PROMPT: In the records below, find the line that contains "Supermarktmanager Geurt Schut" and the line that contains "Forest Array Map", then retype exactly those two lines and every line between them.

·····

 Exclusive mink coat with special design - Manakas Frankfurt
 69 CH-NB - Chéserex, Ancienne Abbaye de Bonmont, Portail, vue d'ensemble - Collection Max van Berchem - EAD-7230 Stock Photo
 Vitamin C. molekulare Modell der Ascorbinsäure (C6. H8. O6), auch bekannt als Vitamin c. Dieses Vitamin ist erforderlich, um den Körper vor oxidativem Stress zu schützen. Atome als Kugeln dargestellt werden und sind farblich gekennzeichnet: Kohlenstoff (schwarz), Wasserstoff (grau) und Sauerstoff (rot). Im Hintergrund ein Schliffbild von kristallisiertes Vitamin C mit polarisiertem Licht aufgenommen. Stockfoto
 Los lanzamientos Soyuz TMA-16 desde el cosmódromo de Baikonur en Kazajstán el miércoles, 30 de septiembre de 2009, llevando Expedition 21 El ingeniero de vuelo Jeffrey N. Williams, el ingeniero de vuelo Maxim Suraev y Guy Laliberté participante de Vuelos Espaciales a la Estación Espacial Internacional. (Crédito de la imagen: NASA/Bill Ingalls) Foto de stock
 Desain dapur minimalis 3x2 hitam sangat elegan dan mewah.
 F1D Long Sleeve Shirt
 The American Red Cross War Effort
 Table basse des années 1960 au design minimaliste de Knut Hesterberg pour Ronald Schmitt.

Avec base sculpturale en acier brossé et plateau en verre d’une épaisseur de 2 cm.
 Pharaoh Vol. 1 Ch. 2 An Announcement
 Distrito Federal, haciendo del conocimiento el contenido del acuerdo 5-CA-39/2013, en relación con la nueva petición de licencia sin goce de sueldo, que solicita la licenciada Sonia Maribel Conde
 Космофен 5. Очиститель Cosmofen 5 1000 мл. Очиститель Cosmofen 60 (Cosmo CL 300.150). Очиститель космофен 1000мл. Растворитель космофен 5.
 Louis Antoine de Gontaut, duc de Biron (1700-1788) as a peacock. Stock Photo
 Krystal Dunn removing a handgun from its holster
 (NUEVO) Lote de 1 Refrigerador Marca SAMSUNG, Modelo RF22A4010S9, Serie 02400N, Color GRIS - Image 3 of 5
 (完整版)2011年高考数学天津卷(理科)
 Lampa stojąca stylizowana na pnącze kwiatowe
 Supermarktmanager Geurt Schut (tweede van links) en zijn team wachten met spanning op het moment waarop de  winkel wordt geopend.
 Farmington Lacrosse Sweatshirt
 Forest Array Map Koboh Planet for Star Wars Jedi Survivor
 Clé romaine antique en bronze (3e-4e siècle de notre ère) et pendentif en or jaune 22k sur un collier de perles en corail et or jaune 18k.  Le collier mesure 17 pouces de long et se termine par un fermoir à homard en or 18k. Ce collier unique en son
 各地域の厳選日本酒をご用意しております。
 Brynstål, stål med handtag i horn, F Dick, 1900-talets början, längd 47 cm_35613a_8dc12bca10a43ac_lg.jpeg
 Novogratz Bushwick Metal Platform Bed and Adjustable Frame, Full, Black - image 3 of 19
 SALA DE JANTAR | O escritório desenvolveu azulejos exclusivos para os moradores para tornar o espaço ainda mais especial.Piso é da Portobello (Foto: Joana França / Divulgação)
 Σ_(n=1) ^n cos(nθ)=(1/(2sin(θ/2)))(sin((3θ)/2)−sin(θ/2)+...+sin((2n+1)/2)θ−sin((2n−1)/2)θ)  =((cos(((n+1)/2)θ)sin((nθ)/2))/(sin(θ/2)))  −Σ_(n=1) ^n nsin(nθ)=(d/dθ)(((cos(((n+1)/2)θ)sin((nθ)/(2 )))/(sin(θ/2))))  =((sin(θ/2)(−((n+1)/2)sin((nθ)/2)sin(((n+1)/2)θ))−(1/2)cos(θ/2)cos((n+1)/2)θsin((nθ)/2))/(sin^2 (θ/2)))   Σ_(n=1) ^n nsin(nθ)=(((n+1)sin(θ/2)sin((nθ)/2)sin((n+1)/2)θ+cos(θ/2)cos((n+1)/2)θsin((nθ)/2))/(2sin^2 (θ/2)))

·····

ANSWER FOR THIS EXERCISE:
 Supermarktmanager Geurt Schut (tweede van links) en zijn team wachten met spanning op het moment waarop de  winkel wordt geopend.
 Farmington Lacrosse Sweatshirt
 Forest Array Map Koboh Planet for Star Wars Jedi Survivor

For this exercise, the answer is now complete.